§ **Exercise**:
Copy exactly, and only, the lines from the one with "Hymn and Gospel" to the end of the listing; omit pictures.

§ **Data shown**:
· · · ·
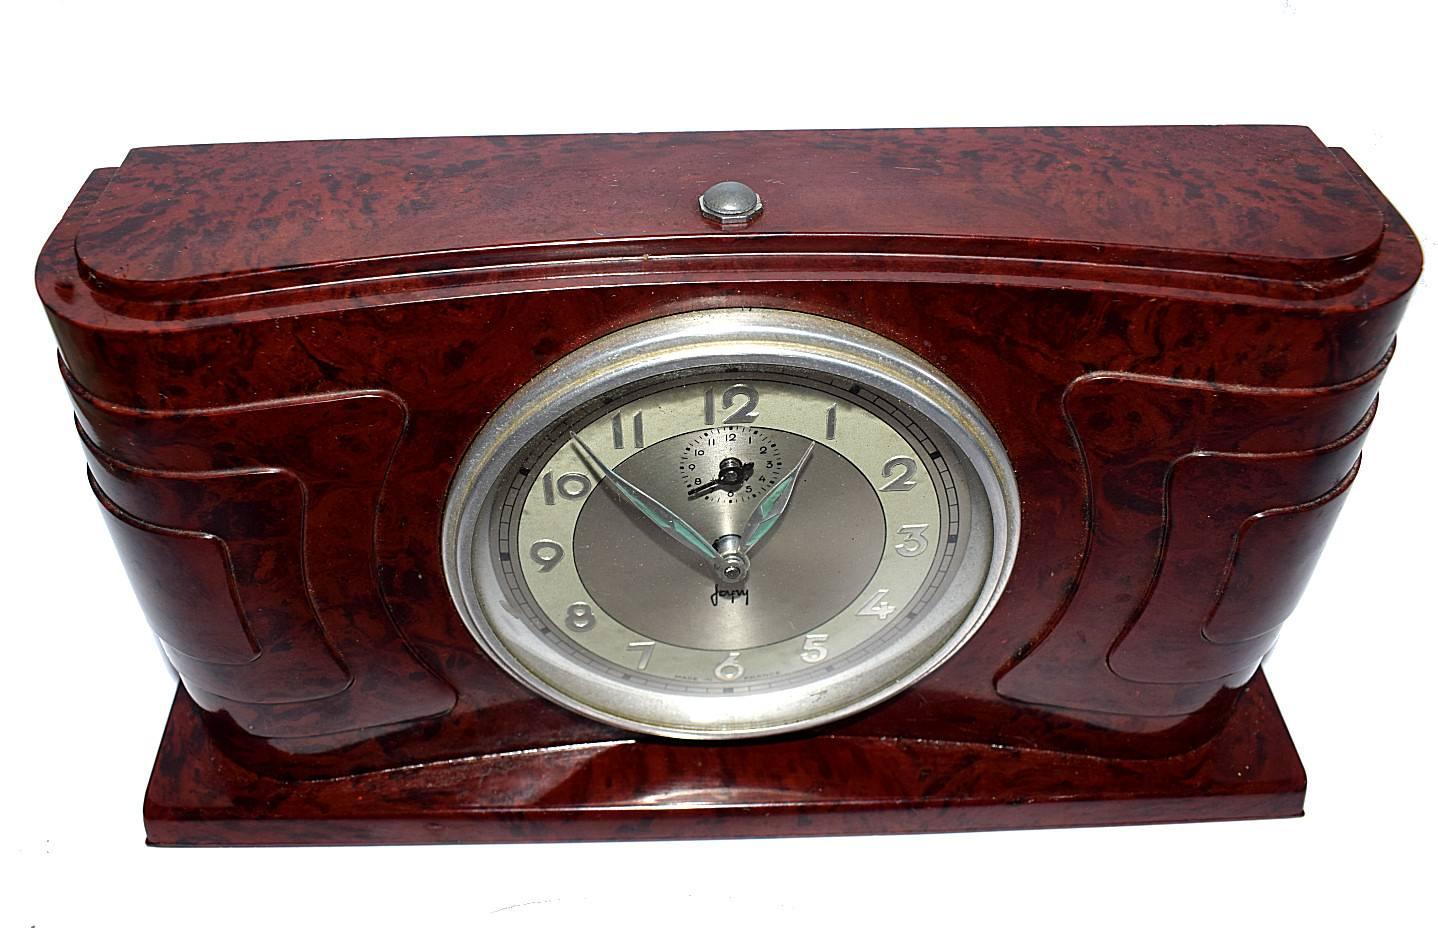 Very attractive and totally authentic 1930s French Bakelite clock by the clock makers 'Japy'. The streamline casing is in a deep mottled red bakelite and is excellent condition with no damage to report. The clock works well and has a nice mellow
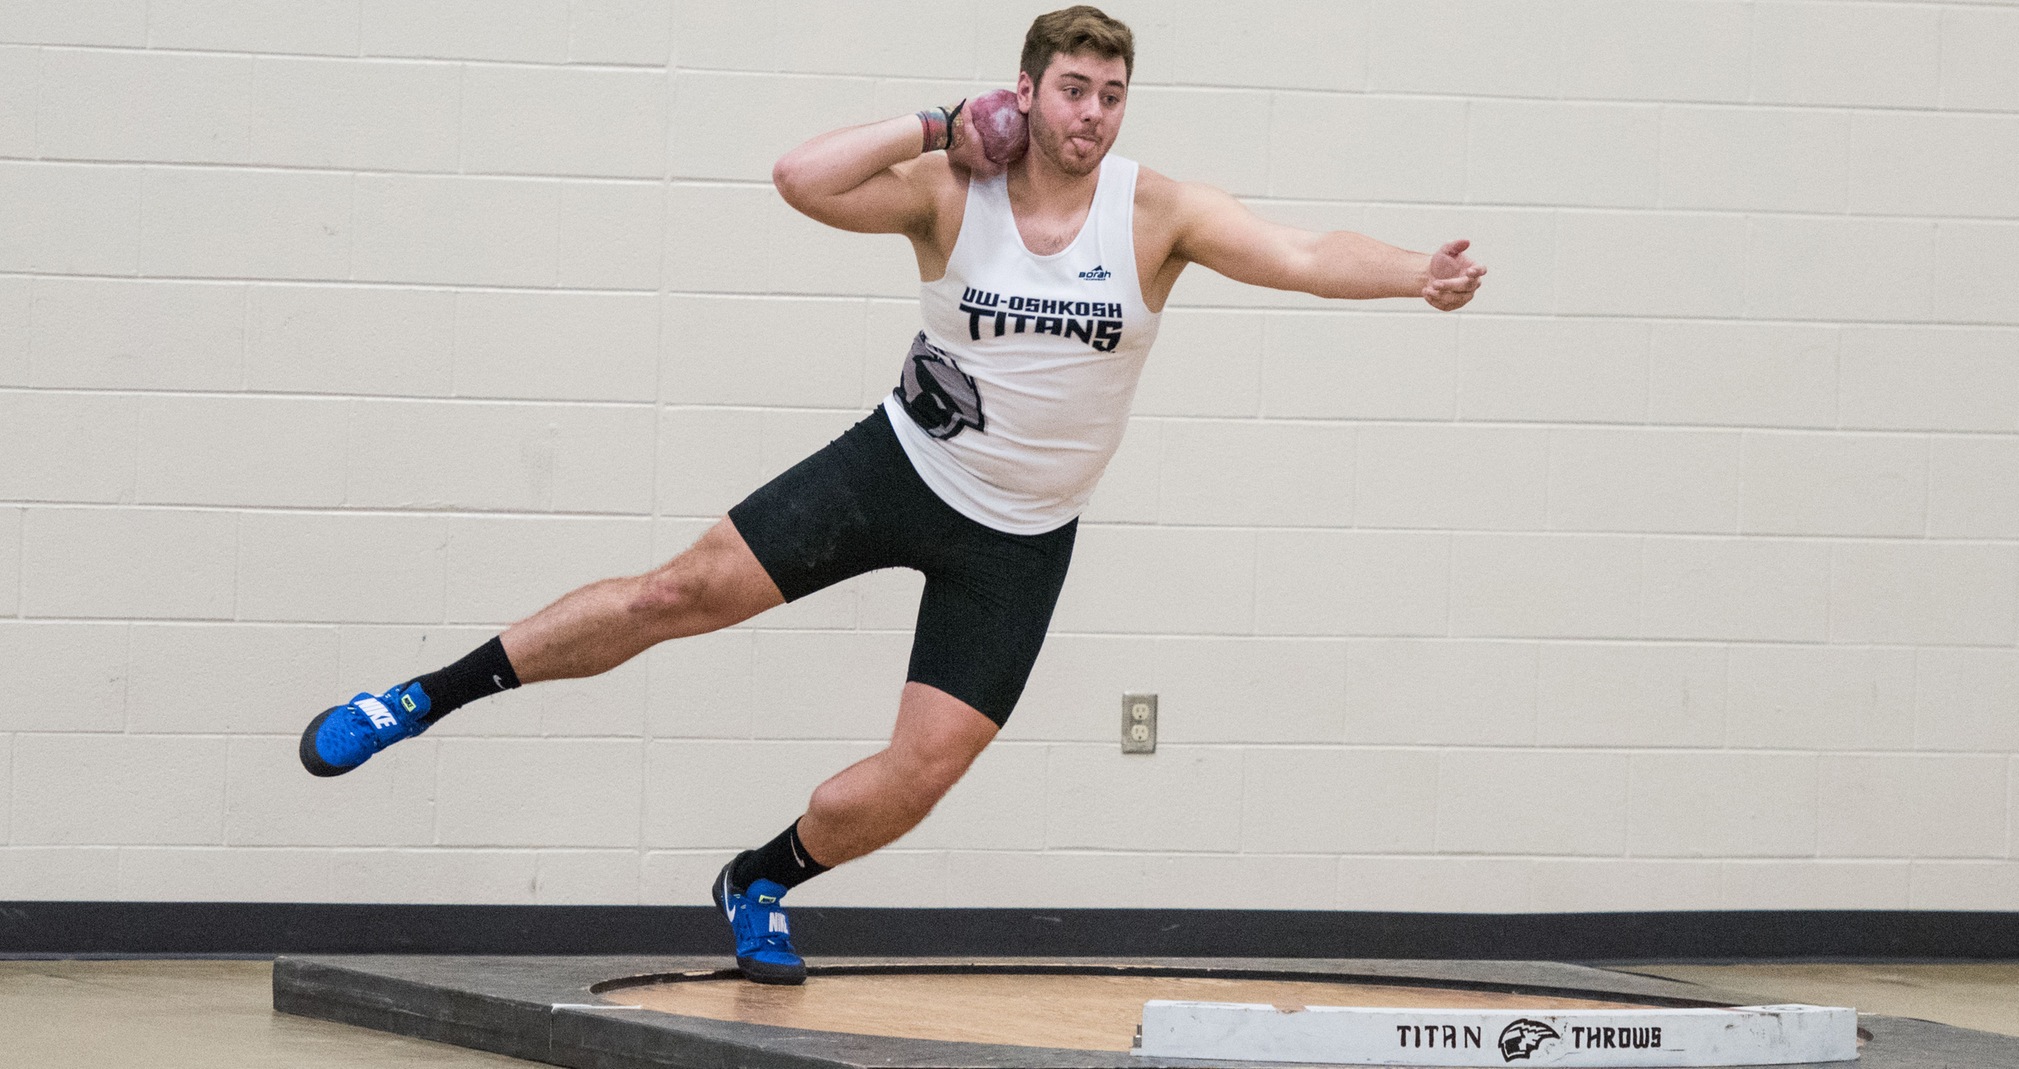 Bailey Quinn won the 35-pound weight throw while placing fourth in the shot put against Lawrence University.
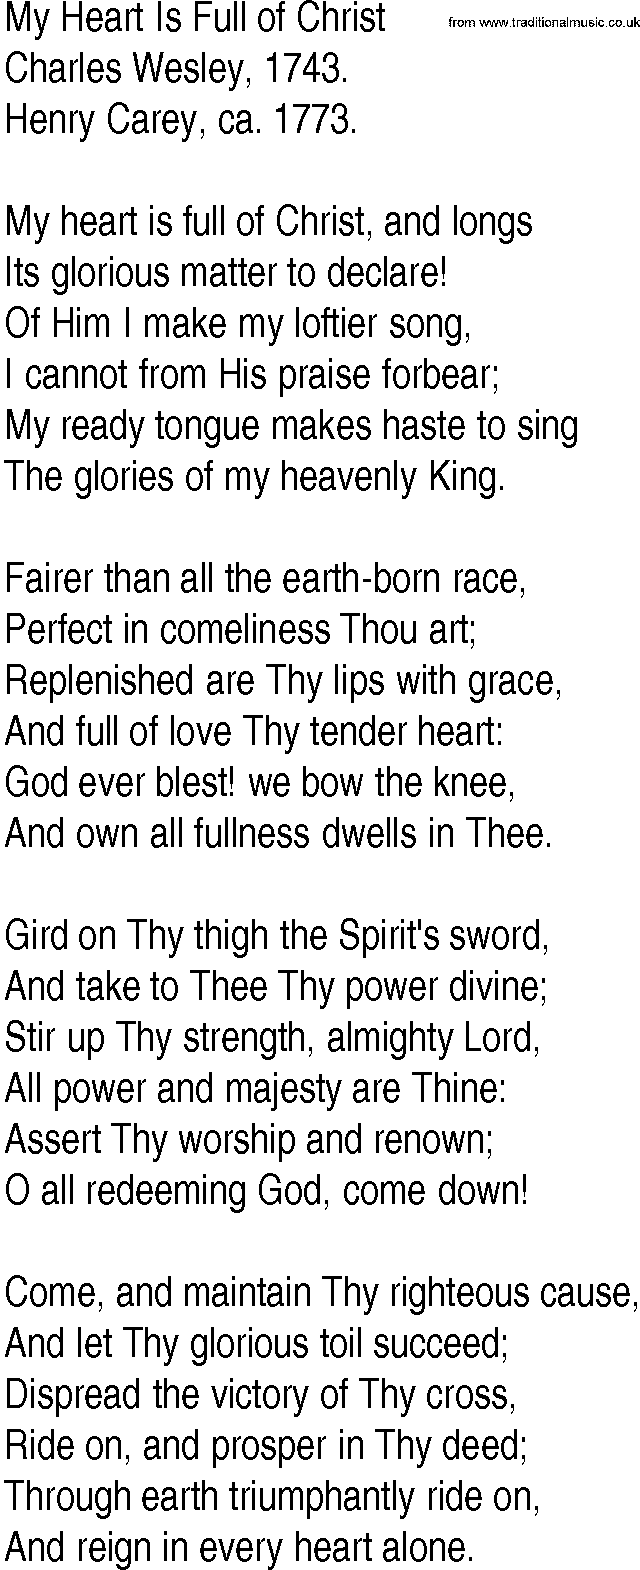 Hymn and Gospel Song: My Heart Is Full of Christ by Charles Wesley lyrics
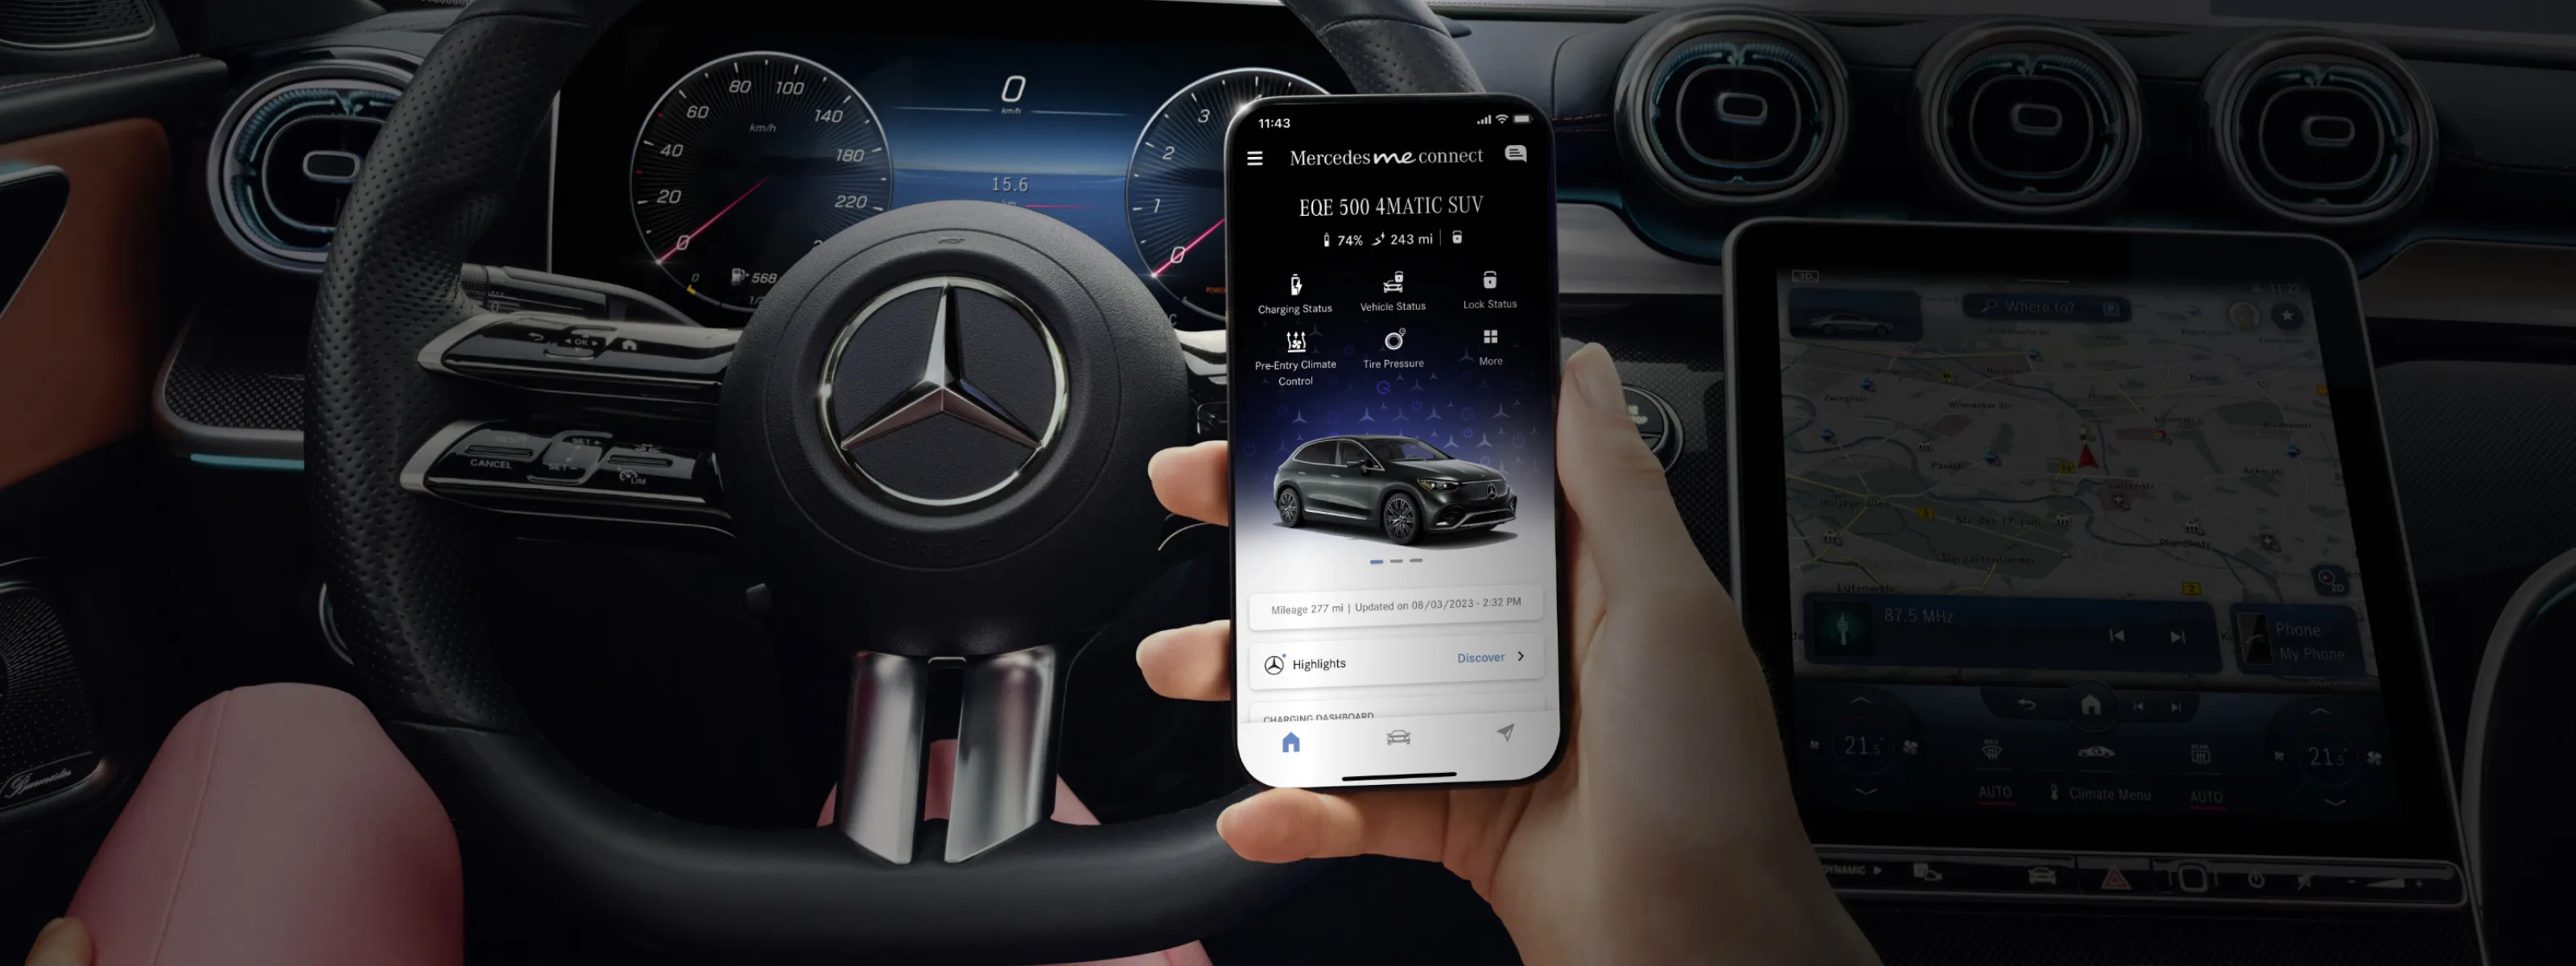 Car Wi-Fi: Everything you need to know about connected vehicles
· · · ·
§ **Response area**:
 Hymn and Gospel Song: My Heart Is Full of Christ by Charles Wesley lyrics
 Car Wi-Fi: Everything you need to know about connected vehicles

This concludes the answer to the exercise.